## Records for this exercise
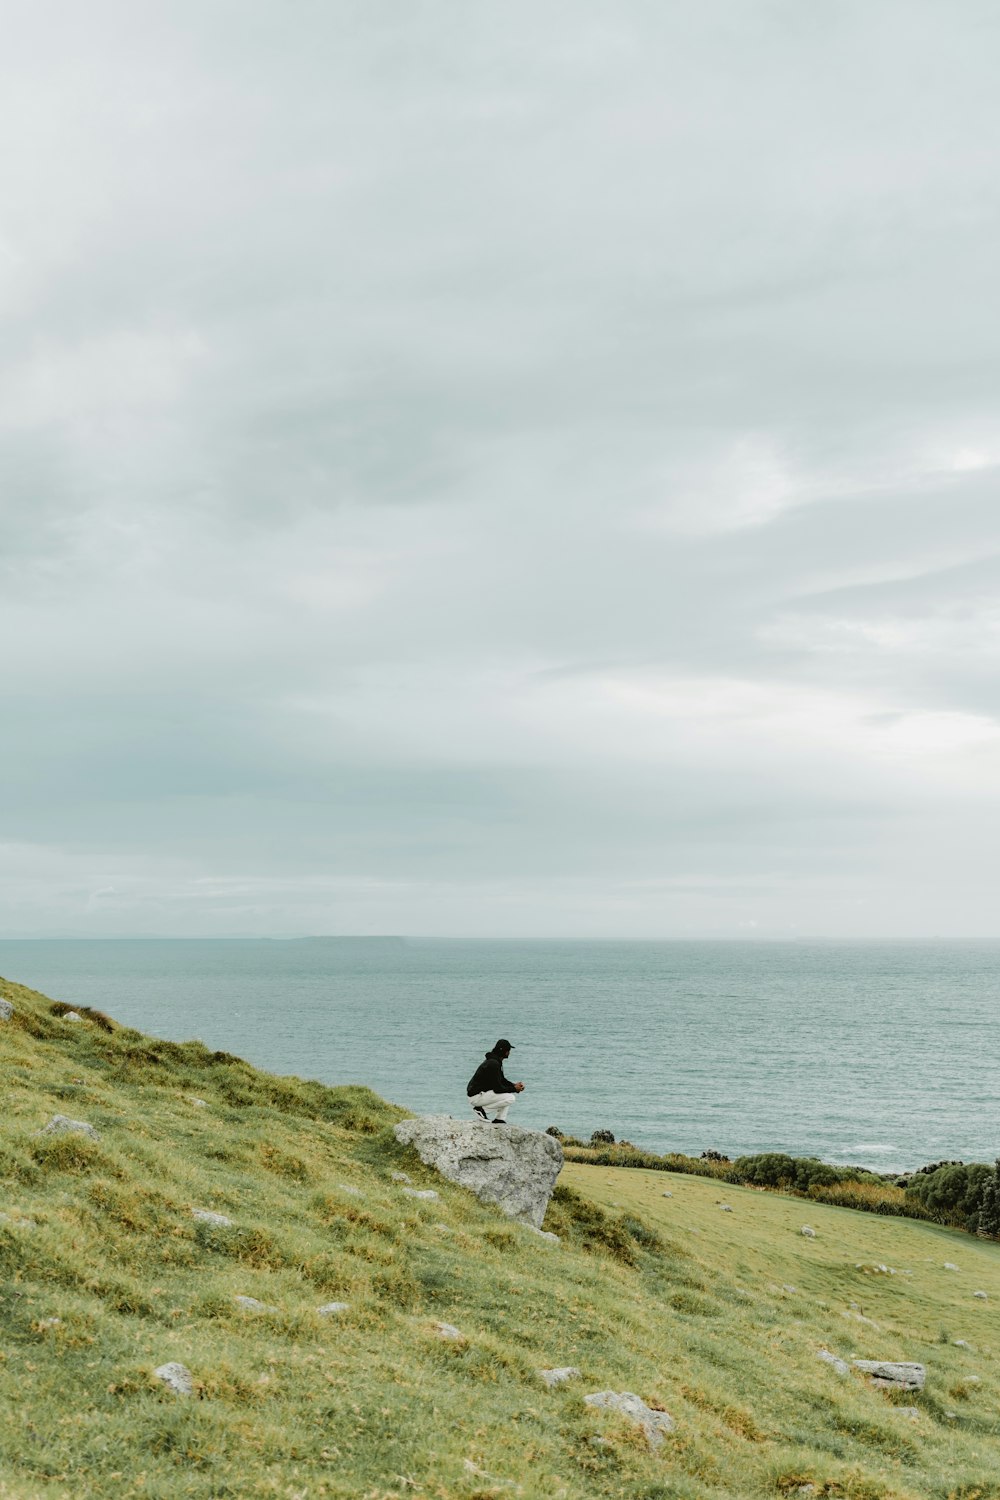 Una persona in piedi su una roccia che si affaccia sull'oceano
--
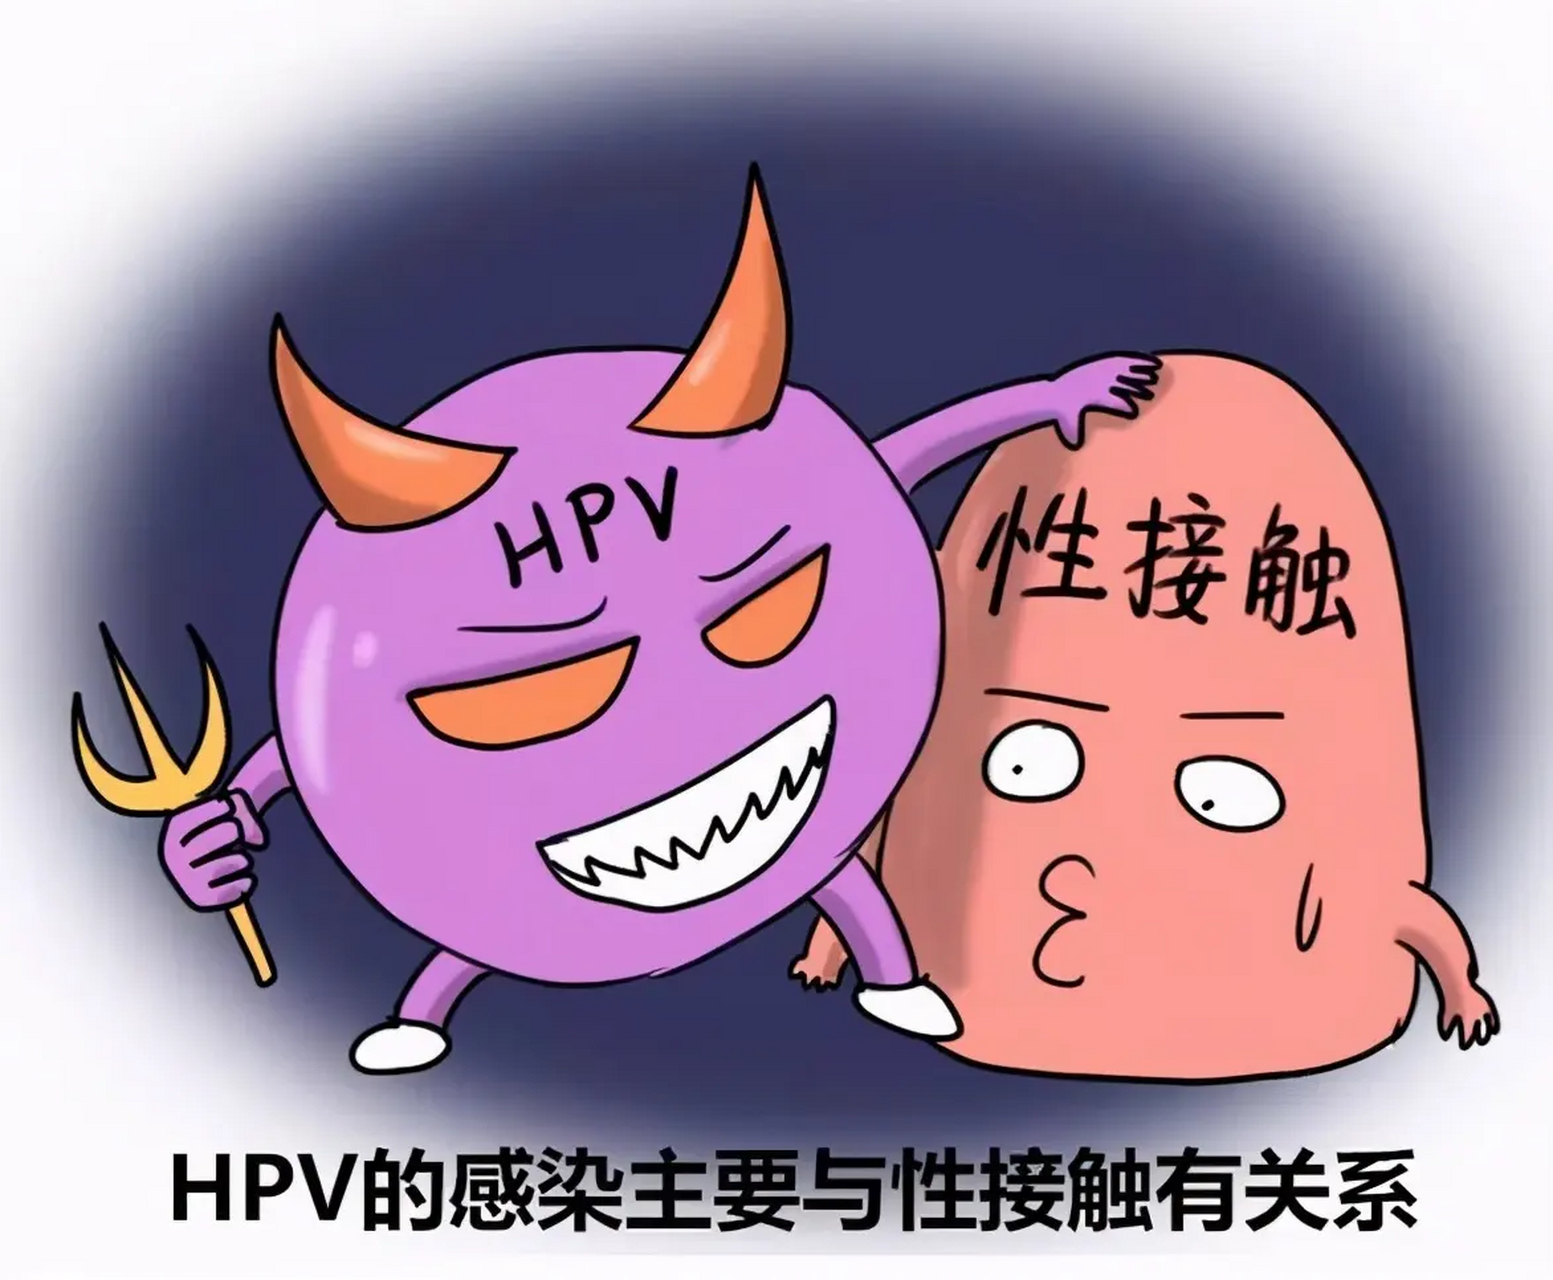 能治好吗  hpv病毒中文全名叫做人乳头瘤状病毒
--
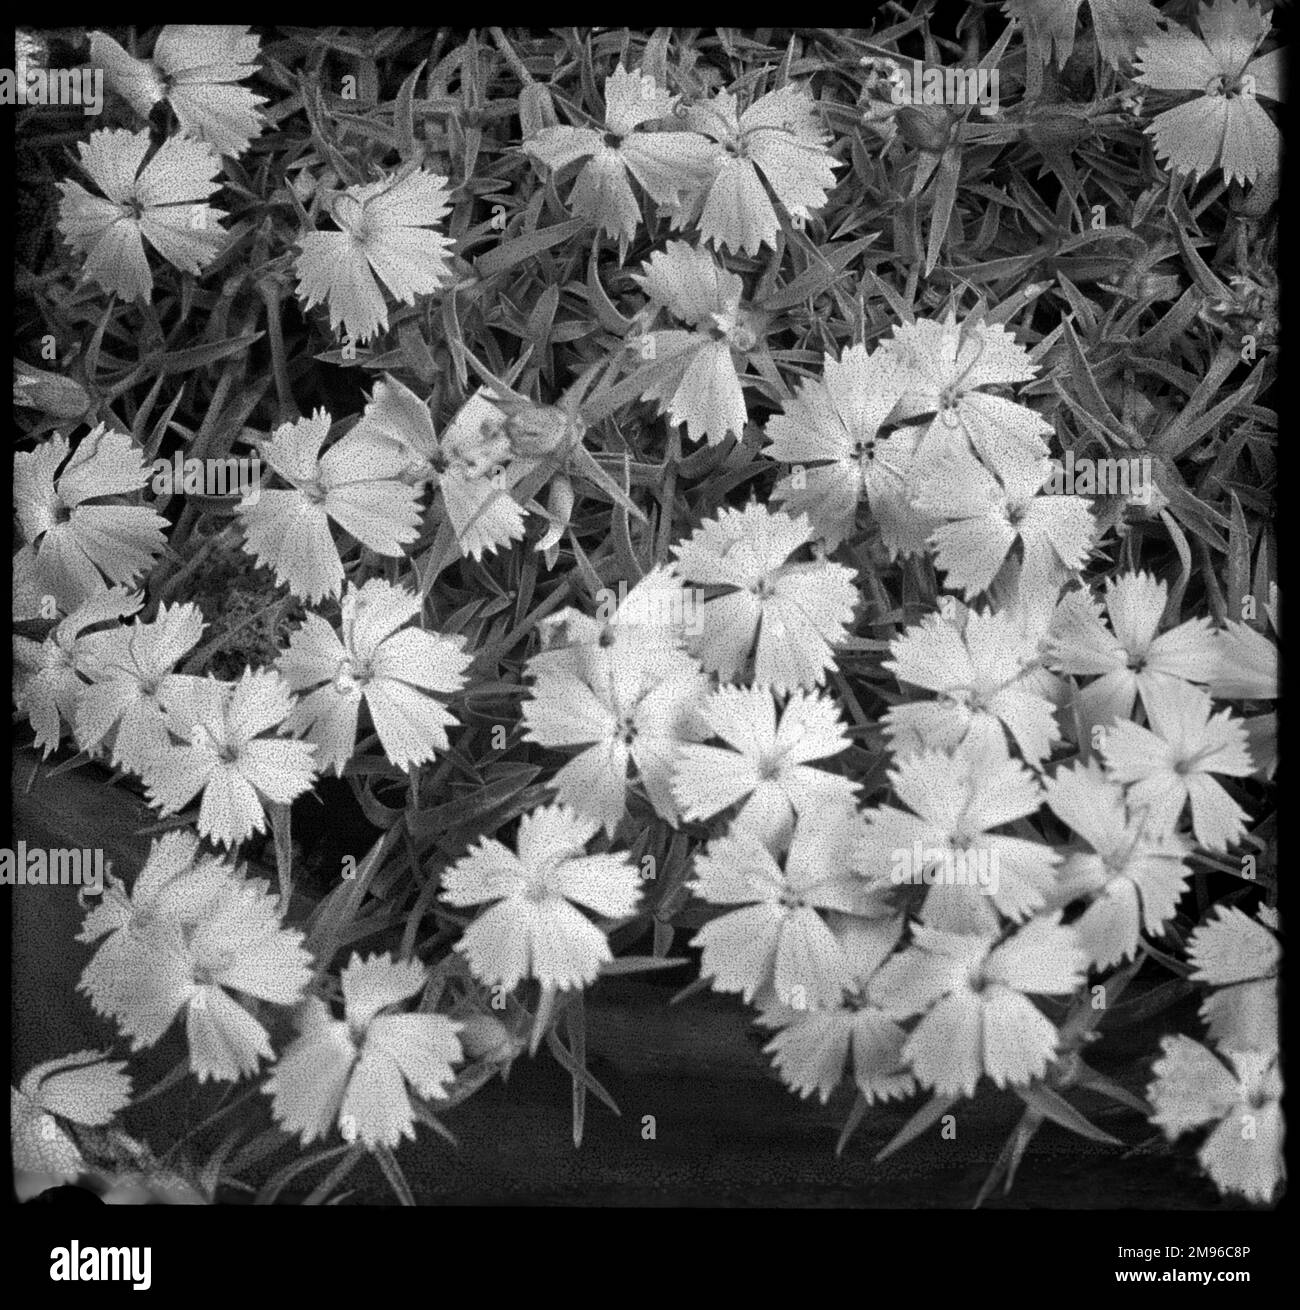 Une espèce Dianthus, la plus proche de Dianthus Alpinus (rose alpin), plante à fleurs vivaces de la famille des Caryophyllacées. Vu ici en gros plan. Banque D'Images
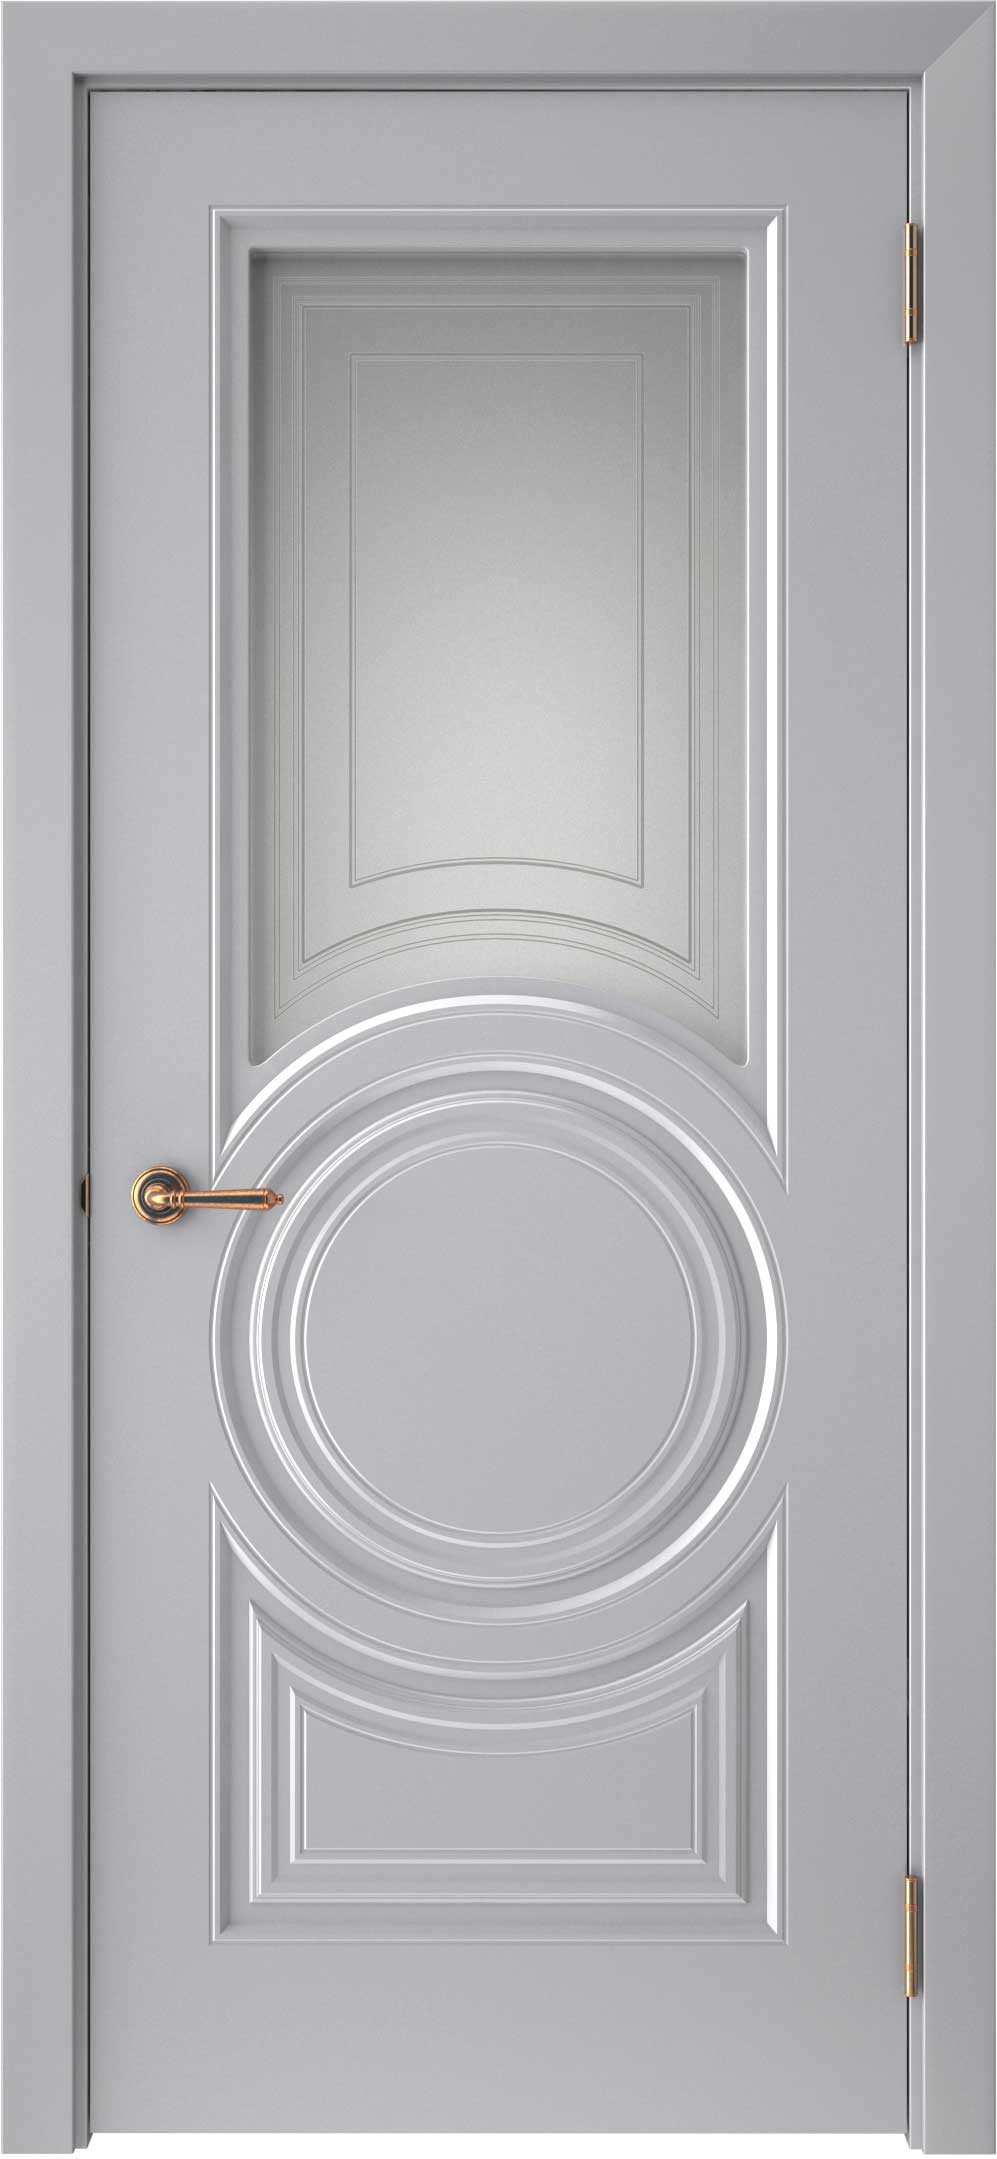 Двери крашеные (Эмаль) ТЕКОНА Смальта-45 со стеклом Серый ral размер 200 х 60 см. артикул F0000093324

## Exercise goal
Extract the part of the records that opens with the line containing "Une espèce Dianthus, la" and closes with the line containing "Двери крашеные (Эмаль)". Take only those lines, exactly, and no pictures.

## Solution for this exercise
 Une espèce Dianthus, la plus proche de Dianthus Alpinus (rose alpin), plante à fleurs vivaces de la famille des Caryophyllacées. Vu ici en gros plan. Banque D'Images
 Двери крашеные (Эмаль) ТЕКОНА Смальта-45 со стеклом Серый ral размер 200 х 60 см. артикул F0000093324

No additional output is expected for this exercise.